Nathaniel Rateliff mit den "Night Sweats" in der Muffathalle

Von Ralf Dombrowski

Im Bühnenhintergrund hängen geraffte Vorhänge von der Decke, acht Scheinwerferkränze erinnern entfernt an die Form von Kerzenleuchtern und spenden ein Effektlicht, das eher schummert, als blendet. Alles soll ein wenig heimelig wirken, wie ein Ballroom vielleicht, mit nostalgischer Note. Dazu passt auch die Musik. Denn Nathaniel Rateliff bedient sich stilistisch klar im Klangbaukasten der Sechziger- und Siebzigerjahre, lässt Assoziationen zur Spencer Davis Group ebenso zu, wie zu den Blues Brothers und dem Country Soul dezent fortschrittlicher Truckerkneipen. Diese Verwandlung vom Singer-Songwriter zum Leader einer Americana-Tingeltruppe hat er während der vergangenen fünf Jahre vollzogen, seitdem er mit The Night Sweats unterwegs ist und seine Alben beim ehrwürdigen Label Stax veröffentlicht, das einst für den etwas raueren Soul zuständig war.

Zum Start seiner Europatournee knödelt Nathaniel Rateliff in der ausverkauften Muffathalle mit Zugabe eine gute Stunde lang durch das Programm seiner zweieinhalb Platten mit der Band, mit einigen neueren Liedern wie "Hey Mama" oder "You Worry Me" bis hin zu den bislang erfolgreichsten Stücken wie "I Need Never Get Old" und der Mitsinghymne "S.O.B." als Setfinale. Und es zeigt sich schnell, wo Stärken wie auch Schwächen des Programms liegen. Denn auf der einen Seite hat die siebenköpfige Combo mit Rockbesetzung und Bläsersatz durchaus Entertainment-Qualitäten und lädt musikalisch zum Party-Soul auf Country-Folk-Basis.
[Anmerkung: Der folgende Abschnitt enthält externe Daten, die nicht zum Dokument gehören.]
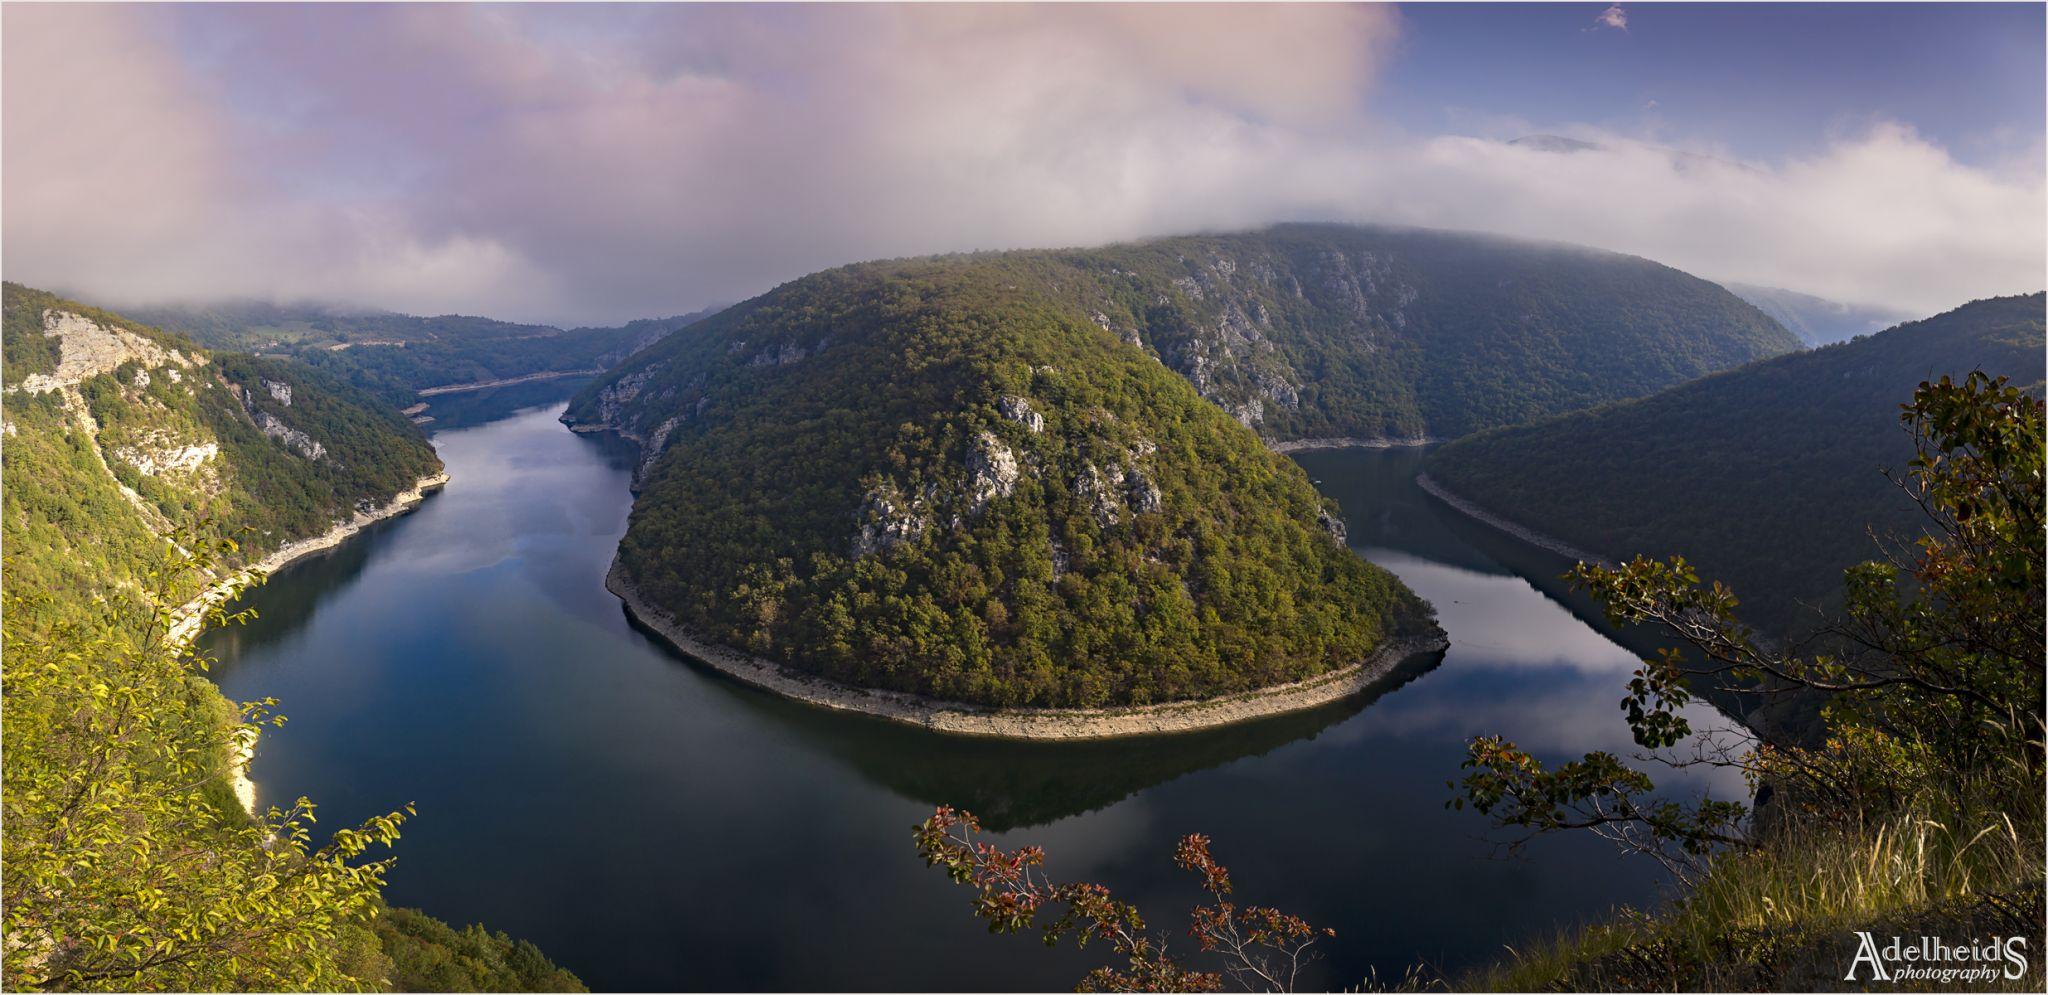 Vrbas River Bend, Bosnia and Herzegovina
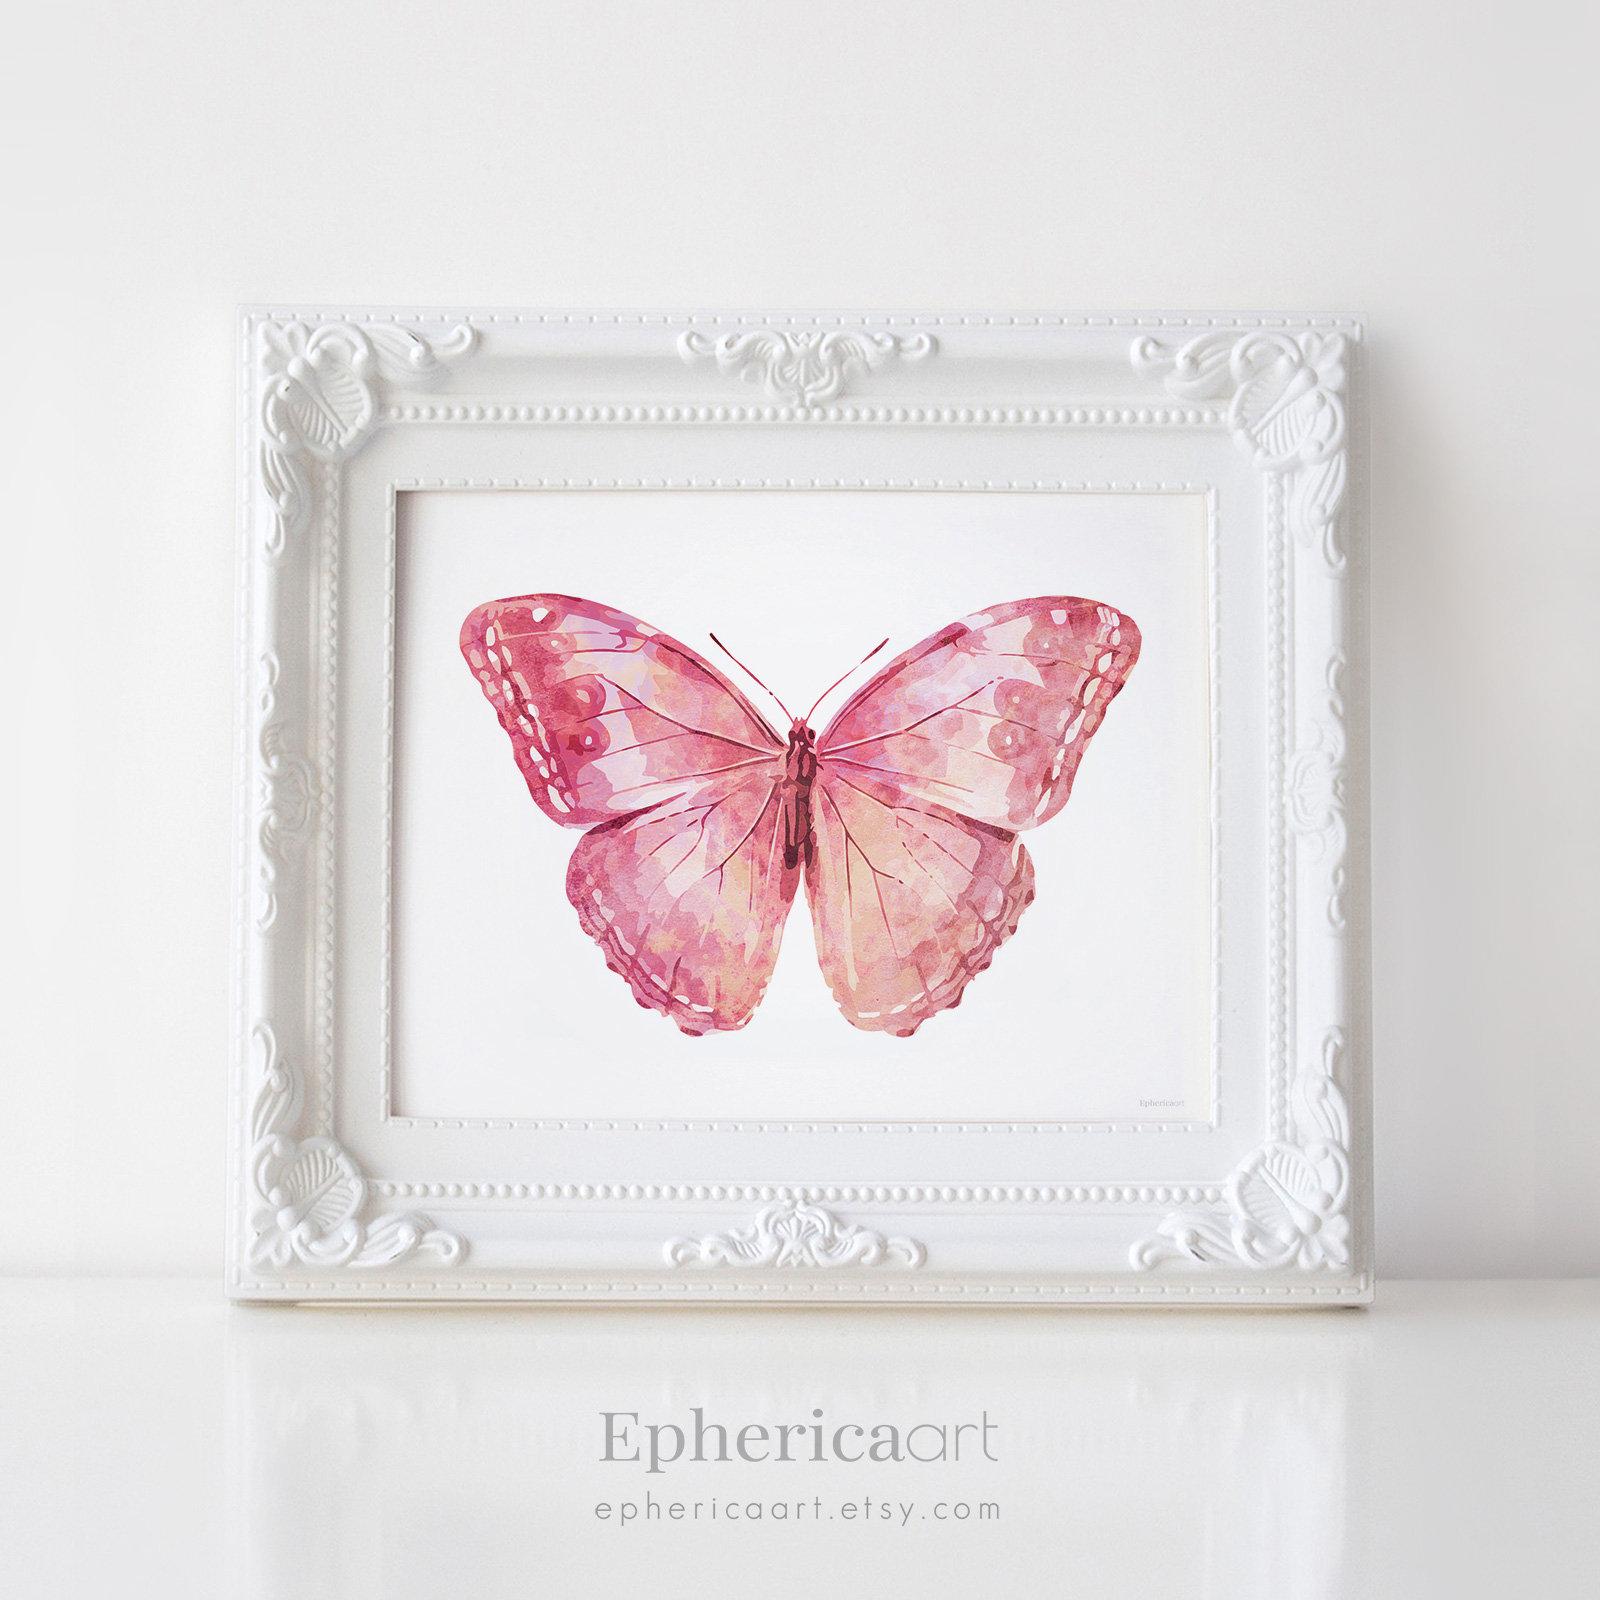 Girly Pink Nursery Decor: Pink Butterfly Art Print Girly Wall Art Bedroom Decor

Auf der anderen Seite stößt vor allem Rateliff selbst schnell an seine vokalen und gestalterischen Grenzen. Wo seine Stimme in den Solo-Projekten charmant brüchig und sympathisch quengelig wirkt, fehlt ihr an der Spitze einer lauten Band Volumen und Umfang, um vielfältig agieren zu können. Und auch die pfiffig detailreichen Studioarrangements der Stücke gehen in der Live-Verstärkung verloren, so dass am Ende eine professionell folkrockige Band mit freundlichem Frontmann übrig bleibt. Mehr aber nicht.